By Lewis Krauskopf
NEW YORK (Reuters) – Technology stocks are bearing the brunt of a recent market selloff, putting a spotlight on how an extended downturn in the sector could weigh on broader equity indexes.
After Monday’s sharp drop, the S&P 500 technology sector is down 6.7% since the overall S&P 500 closed at a record on Sept. 2, compared with a 5.2% decline for the broader index over that time.
The tech-heavy Nasdaq Composite, meanwhile, is down 7.3% from its Sept. 7 closing high, getting closer to marking a 10% correction.
The tumble comes amid a cluster of worries that hit markets in recent weeks, including a looming unwind of the Federal Reserve’s easy money policies, a jump in Treasury yields and a nasty battle among lawmakers over the U.S. debt ceiling.
Many investors are hesitant to cut their exposure to technology-focused stocks, which have led markets for most of the last decade and are expected to deliver strong earnings growth even if the economic climate worsens. Previous dips over the years have often been met by furious buying.
Still, a heavy weighting in broader indexes, comparatively elevated valuations and wide ownership have led some investors to worry over the repercussions of a prolonged period of underperformance for tech and tech-related names.
Here are a few of the metrics investors are studying as they weigh whether to stay the course in tech or pare back their holdings:
A CROWDED TRADE
Years of solid performance have made tech stocks a mainstay in portfolios across Wall Street, periodically spurring concerns that they may be susceptible to violent market swings if investors try to sell all at once.
Facebook, Amazon, Microsoft and Google-parent Alphabet have ranked among the top five most popular hedge fund long positions for the past 15 consecutive quarters, a study by Goldman Sachs showed.
At the same time, 40% of fund managers surveyed by BofA Global Research in September said buying U.S. technology stocks was the market’s most crowded trade, a designation tech stocks have received for three straight months.
For a graphic on Crowding into tech shares:
https://graphics.reuters.com/USA-STOCKS/TRADE/gdpzyqobjvw/chart.png
WEIGHTING IN THE S&P 500
The tech sector by itself holds a 27.7% weighting in the S&P 500, more than twice that of the number two sector, healthcare. Adding four tech-related companies that are in other sectors — Alphabet, Amazon, Facebook and Netflix — boosts that weighting to 38.8%.

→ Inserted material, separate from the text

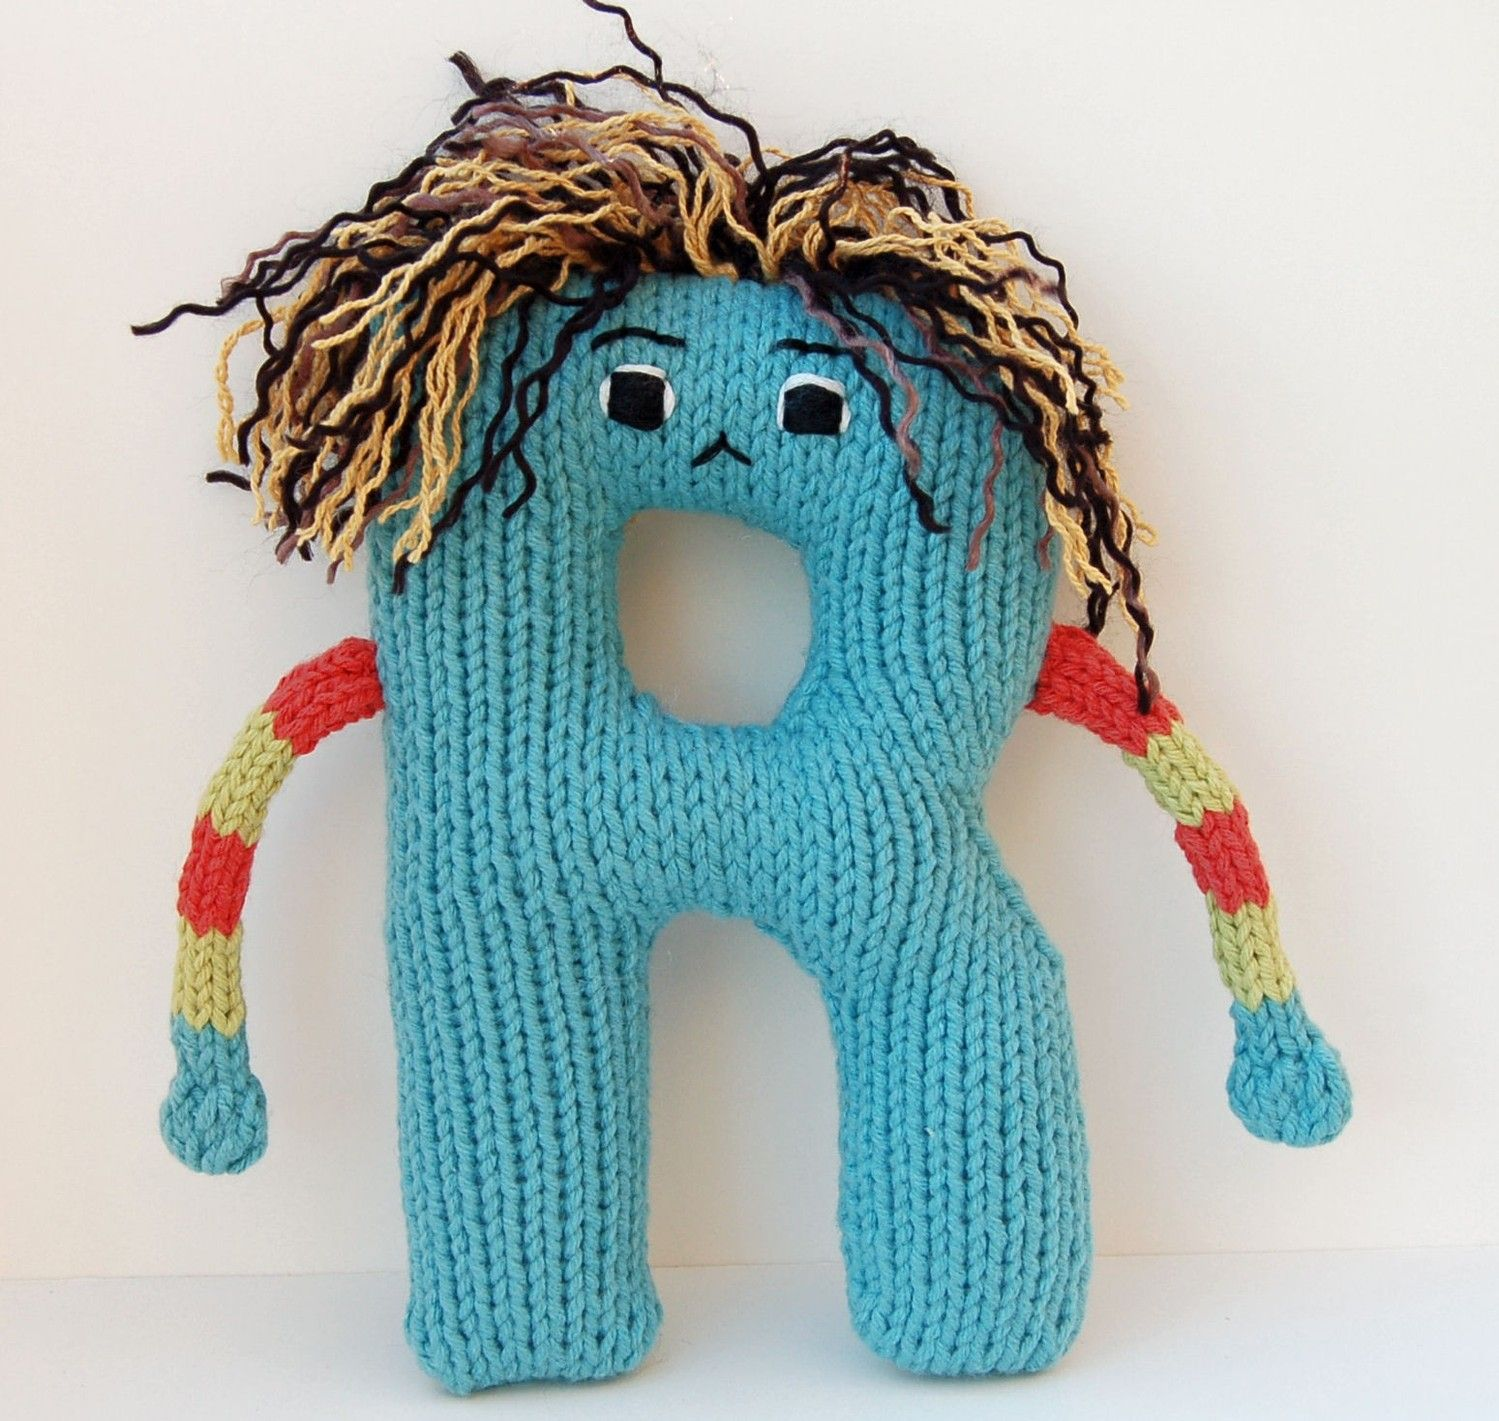 Letter r alphabet stuffed toy knitting pattern rodney 300 letter r alphabet stuffed toy knitting pattern rodney 300 via etsy bankloansurffo Choice Image
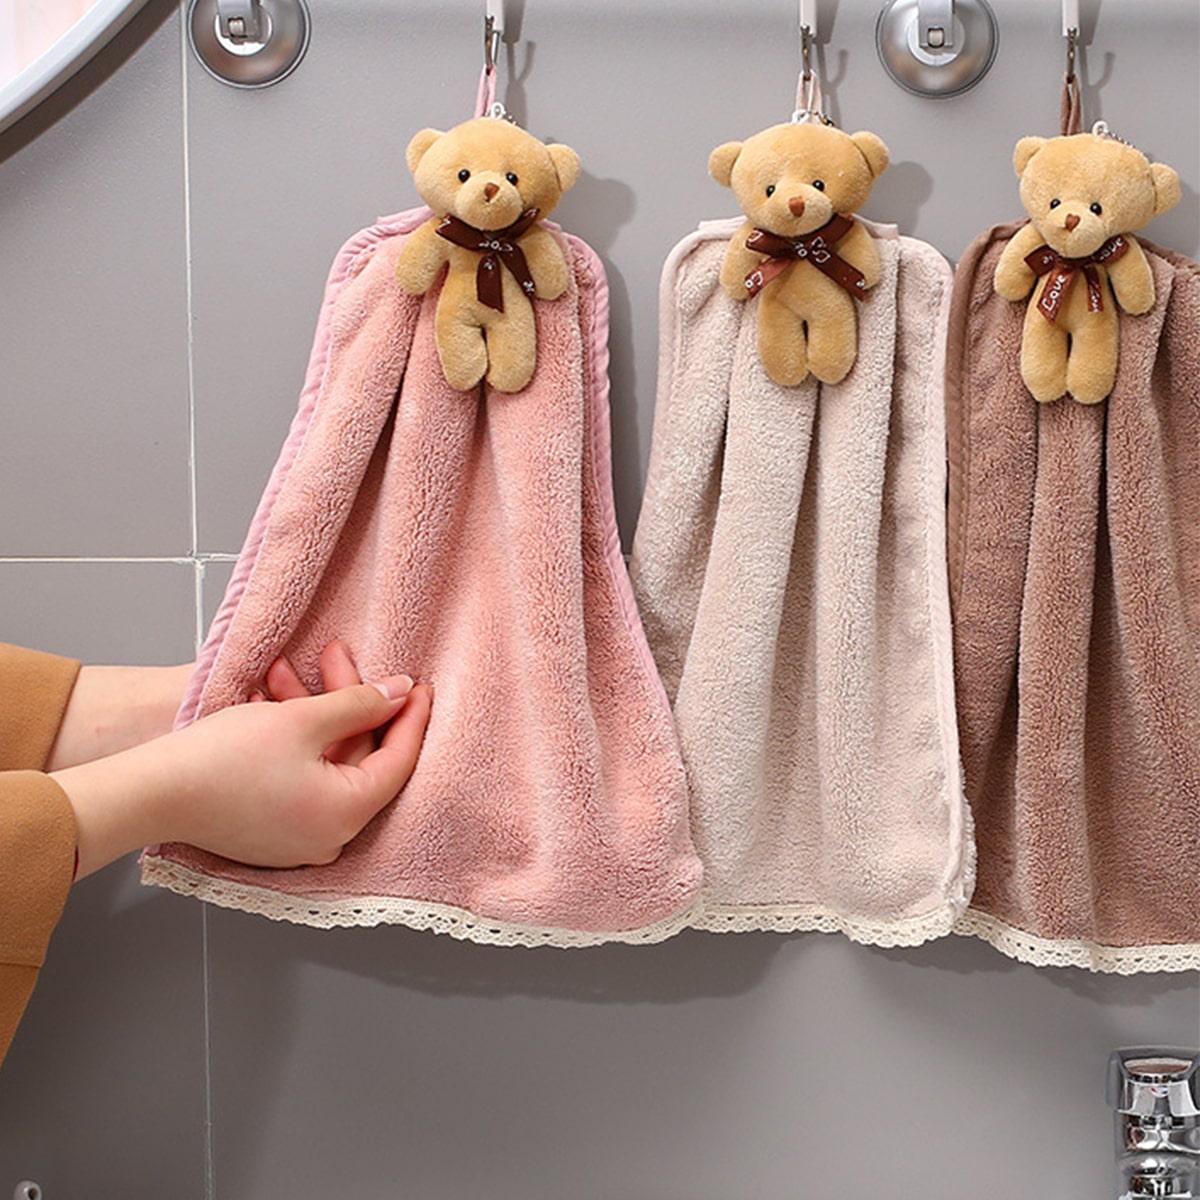 1Pc Bear Decor Random Color Hand Towel

For a graphic on Tech’s weight in S&P 500 vs other sectors:
https://graphics.reuters.com/USA-STOCKS/TECH/zjpqkjbnwpx/chart.png
VALUATIONS
The technology sector trades at 25.8 times forward 12-month earnings estimates, compared with 20.7 times for the overall S&P 500, according to Refinitiv Datastream.
While growth and technology stocks have typically commanded greater valuations in recent years, some market participants worry that the category’s reputation for delivering gains year after year has helped stretch their prices beyond levels that may be justified by fundamentals.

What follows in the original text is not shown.